4. Deficient privacy notices
   The company’s privacy policy failed to disclose how opt-out signals were processed and did not inform job applicants of their rights under the CCPA. Moreover, Tractor Supply’s privacy policy lacked:
   1. Annual updates – The CCPA requires businesses to update their privacy policies annually. Tractor Supply updated their policy in 2018, 2021, and then again after it learned of the investigation;
   2. Privacy rights – The CCPA requires that privacy policies must inform consumers of their statutory privacy rights.
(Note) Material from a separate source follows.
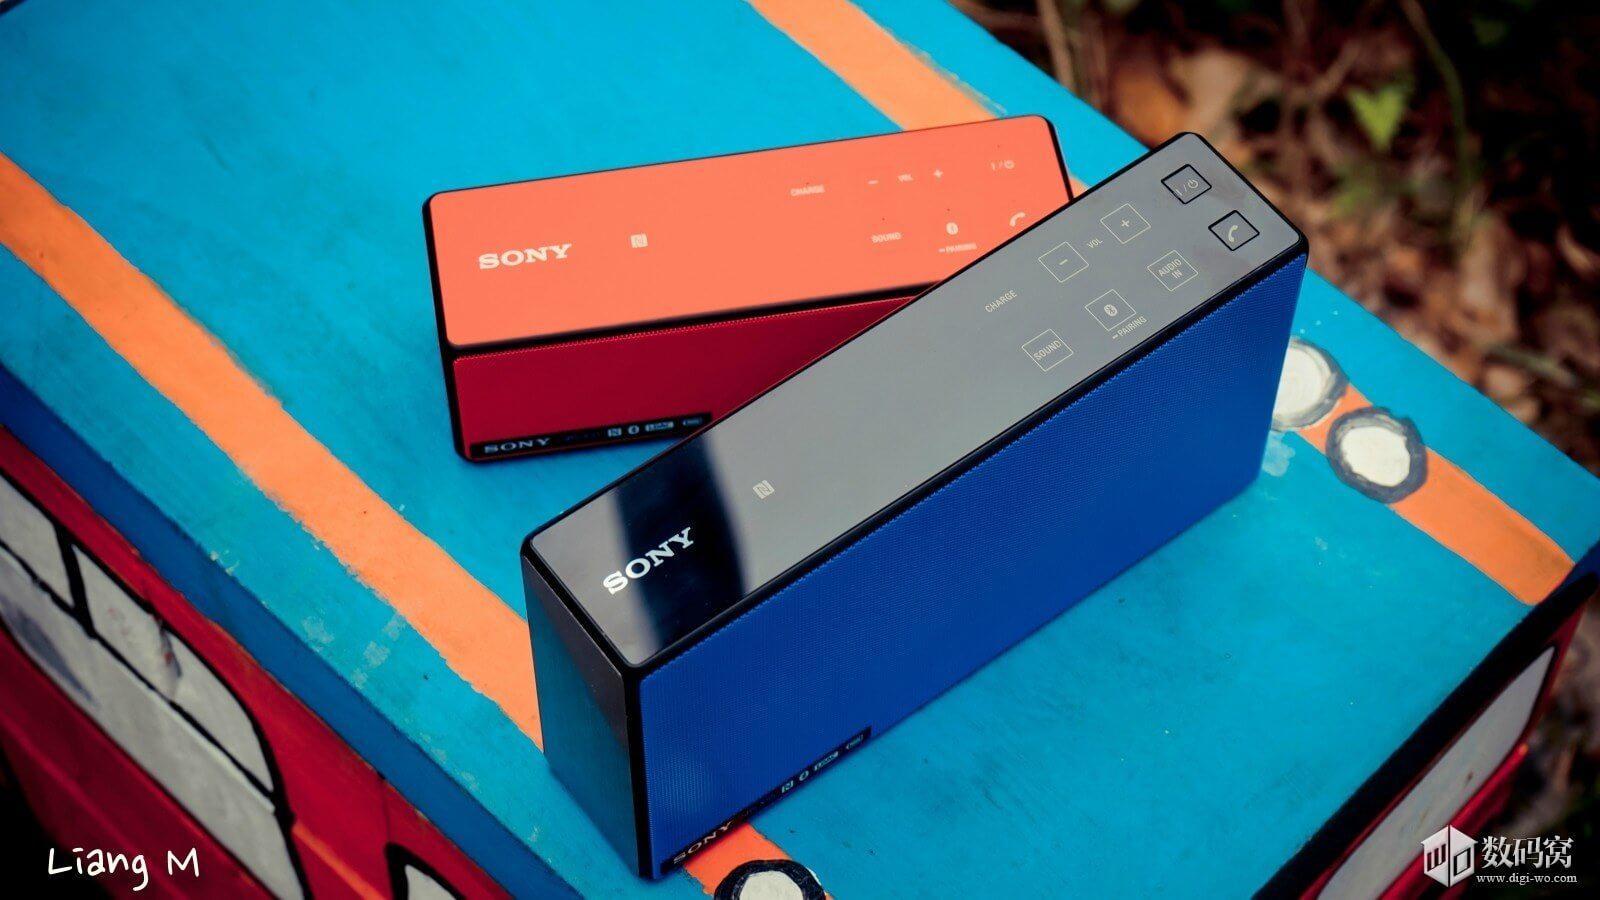 Sony SRS-X55 Bluetooth Speaker hands on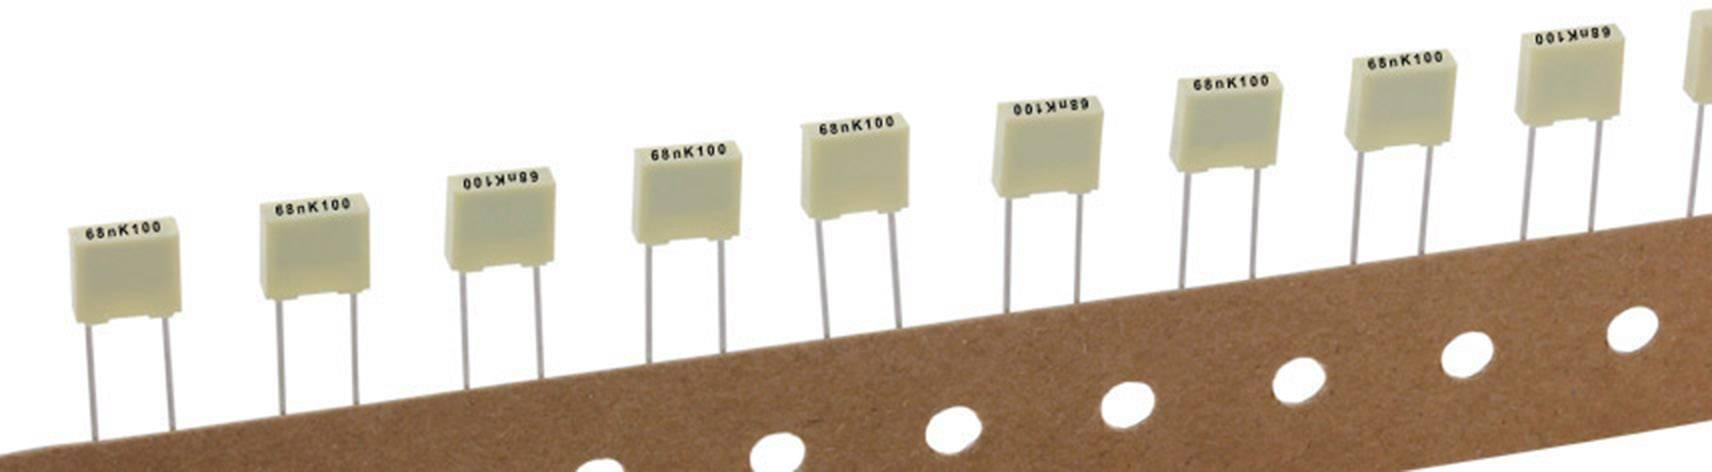 Polyesterový kondenzátor Kemet R82EC1220DQ50K+ radiální, 2.2 nF, 100 V,10 %, 5 mm, (d x š x v) 7.2 x 2.5 mm x 6.5 mm, 1 ks

These rights include, but are not limited to, the right to correct inaccurate personal information, the right to limit the use or disclosure of sensitive personal information, the right to know what personal information the business has collected from the consumer; and
   3. Information practices – The CCPA requires that privacy policies disclose what categories of personal information the business collects from consumers in the preceding 12-month period, the sources of those collections, and the use of those collections.

Enforcement Terms

In addition to the $1.35 million fine, Tractor Supply agreed to a series of corrective actions:

• Technology audit: Conduct a full inventory of tracking technologies used on its website and mobile app;
• Signal compliance: Configure its platforms to honor opt-out preference signals;
• Policy updates: Revise its privacy notices to include all required disclosures, including those for job applicants;
• Contract remediation: Amend third-party contracts to include mandatory CCPA provisions; and
• Annual certifications: Submit annual compliance certifications signed by a senior officer for five years.

Conclusion

The Tractor Supply case sets a precedent for CCPA enforcement and highlights the CPPA’s evolving role as a proactive regulator. Businesses operating in California or subject to the CCPA should take steps to audit their privacy practices, update disclosures, and strengthen internal compliance programs to avoid similar penalties.